======== Data supplied

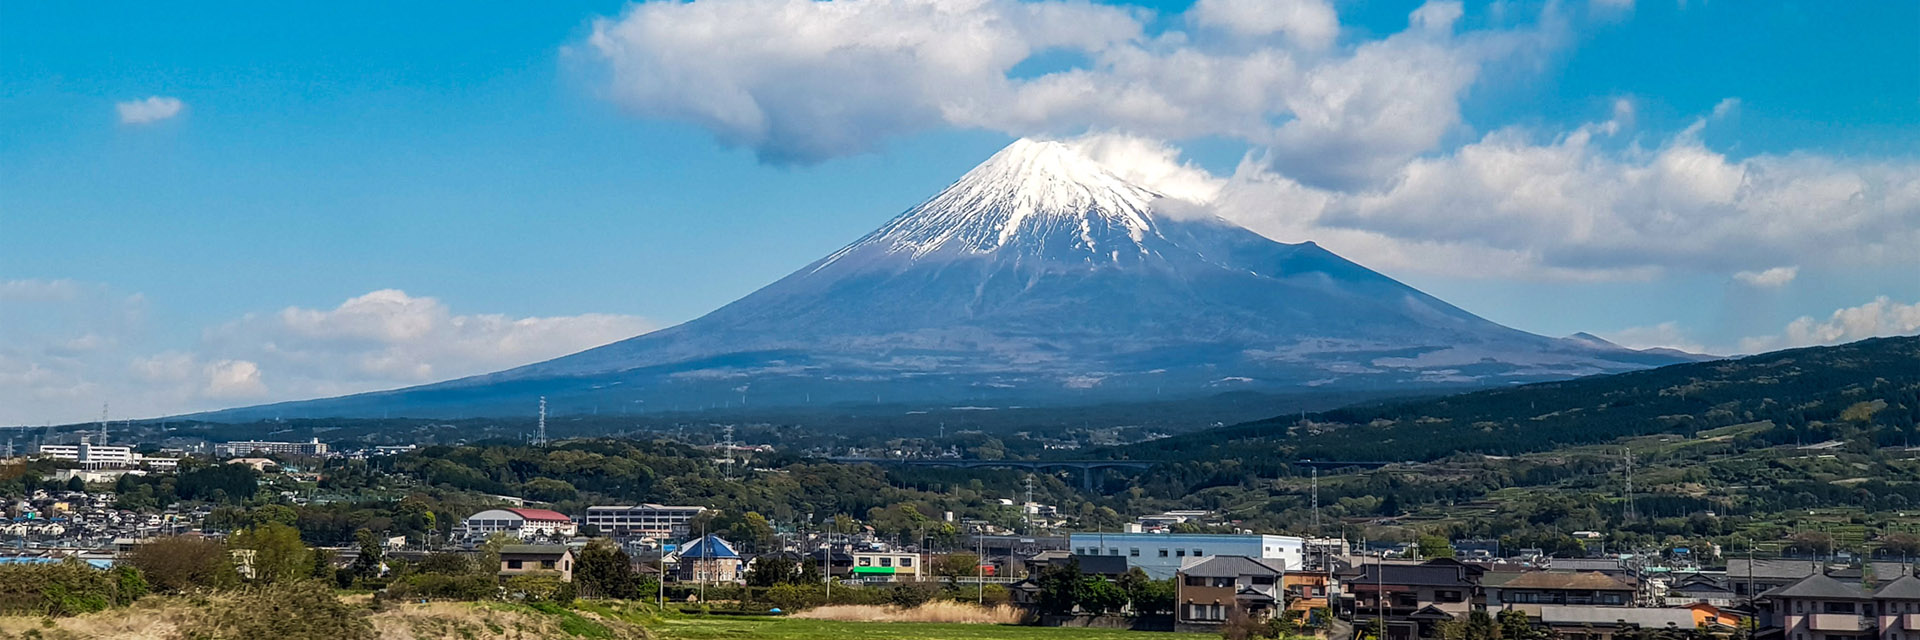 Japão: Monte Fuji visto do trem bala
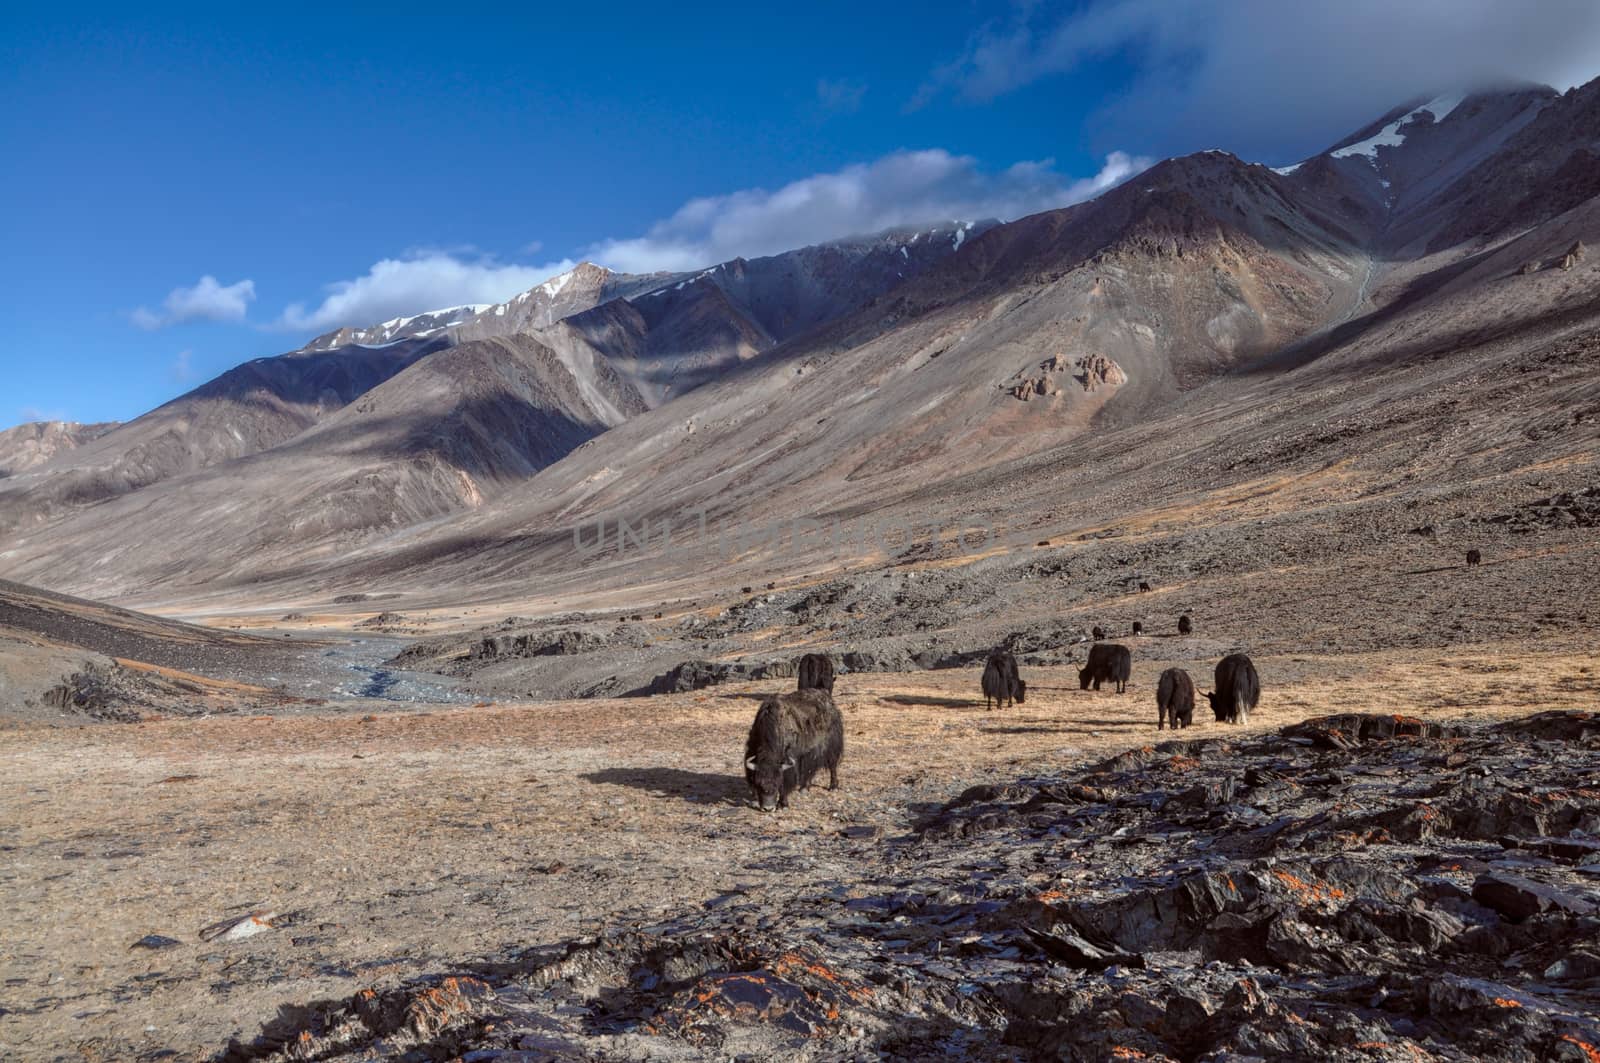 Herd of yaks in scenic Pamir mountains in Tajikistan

================
======== Data supplied

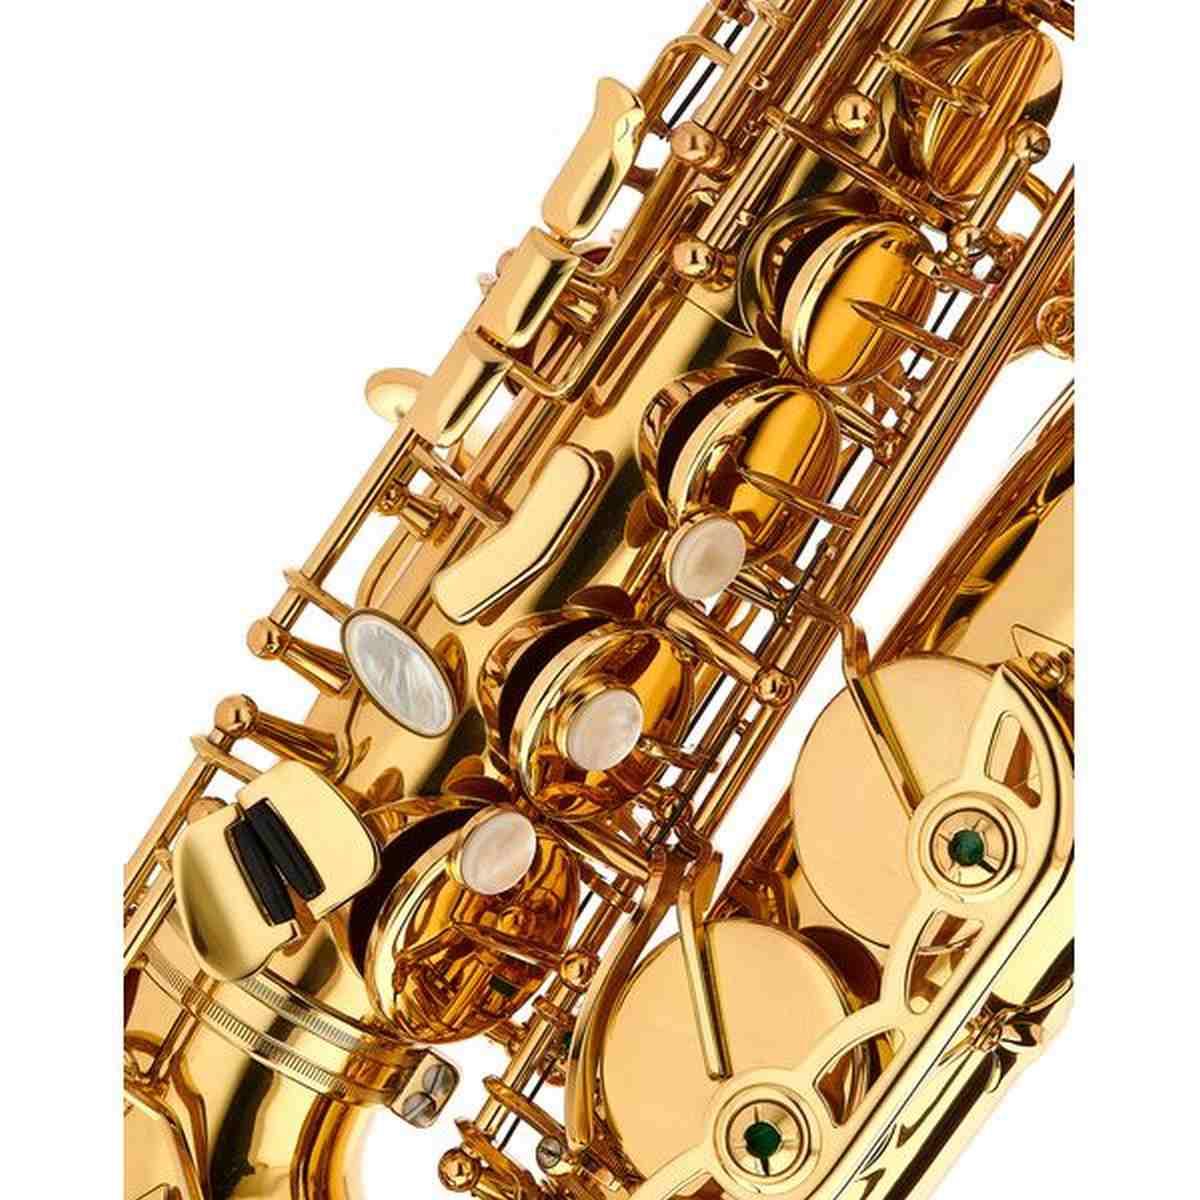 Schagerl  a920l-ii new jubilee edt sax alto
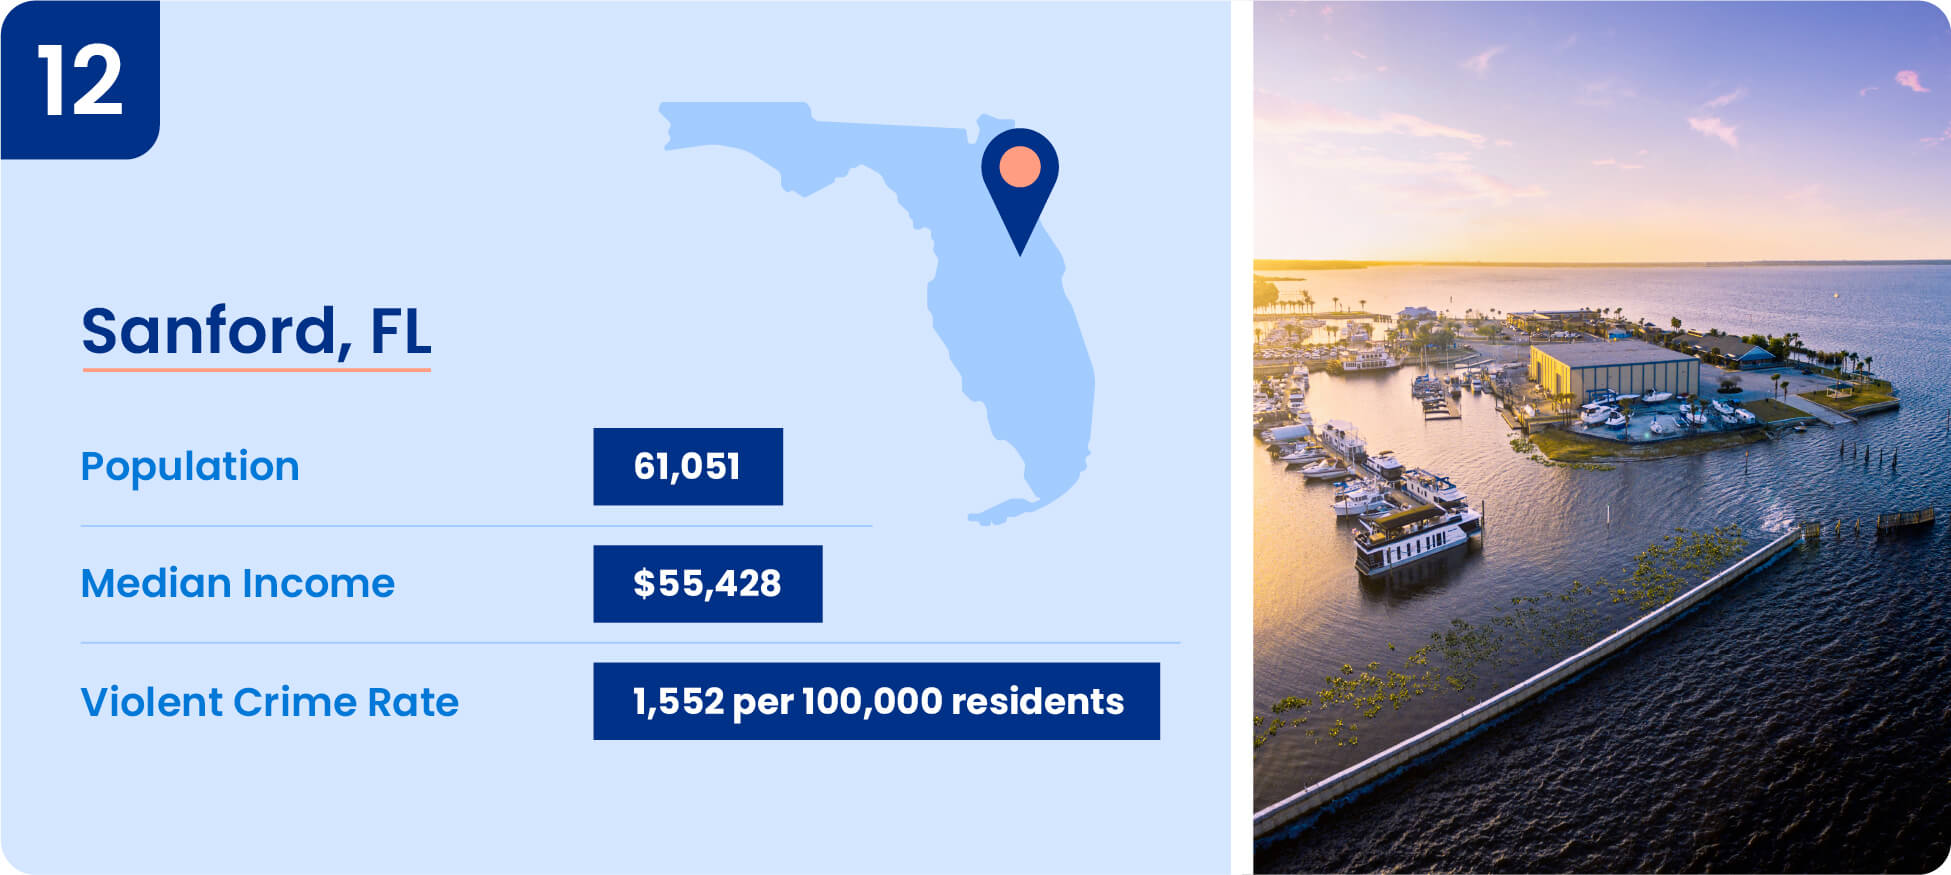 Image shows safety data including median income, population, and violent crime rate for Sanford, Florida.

================
======== Data supplied

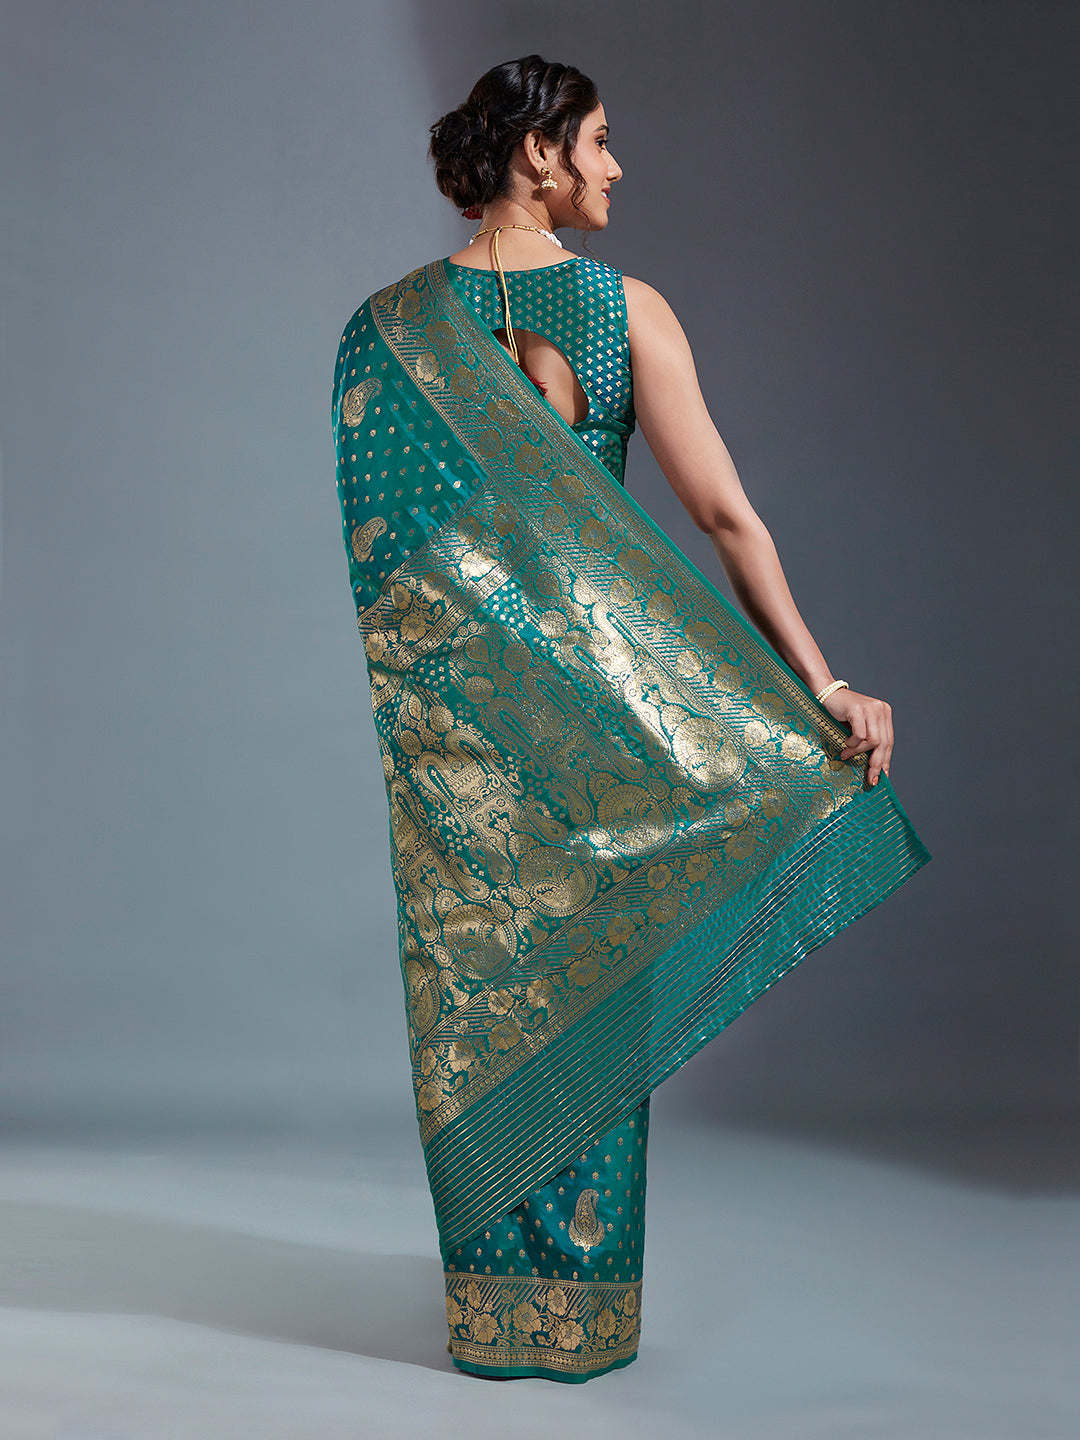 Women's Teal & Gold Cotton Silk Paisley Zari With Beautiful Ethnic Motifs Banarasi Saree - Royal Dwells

================

Find where the line with "Japão: Monte Fuji visto do trem bala" sits in the material above and where the line with "Herd of yaks" sits. Set down exactly the lines from the first to the second, both included and nothing else, without pictures.

■ Solution to this problem
 Japão: Monte Fuji visto do trem bala
 Herd of yaks in scenic Pamir mountains in Tajikistan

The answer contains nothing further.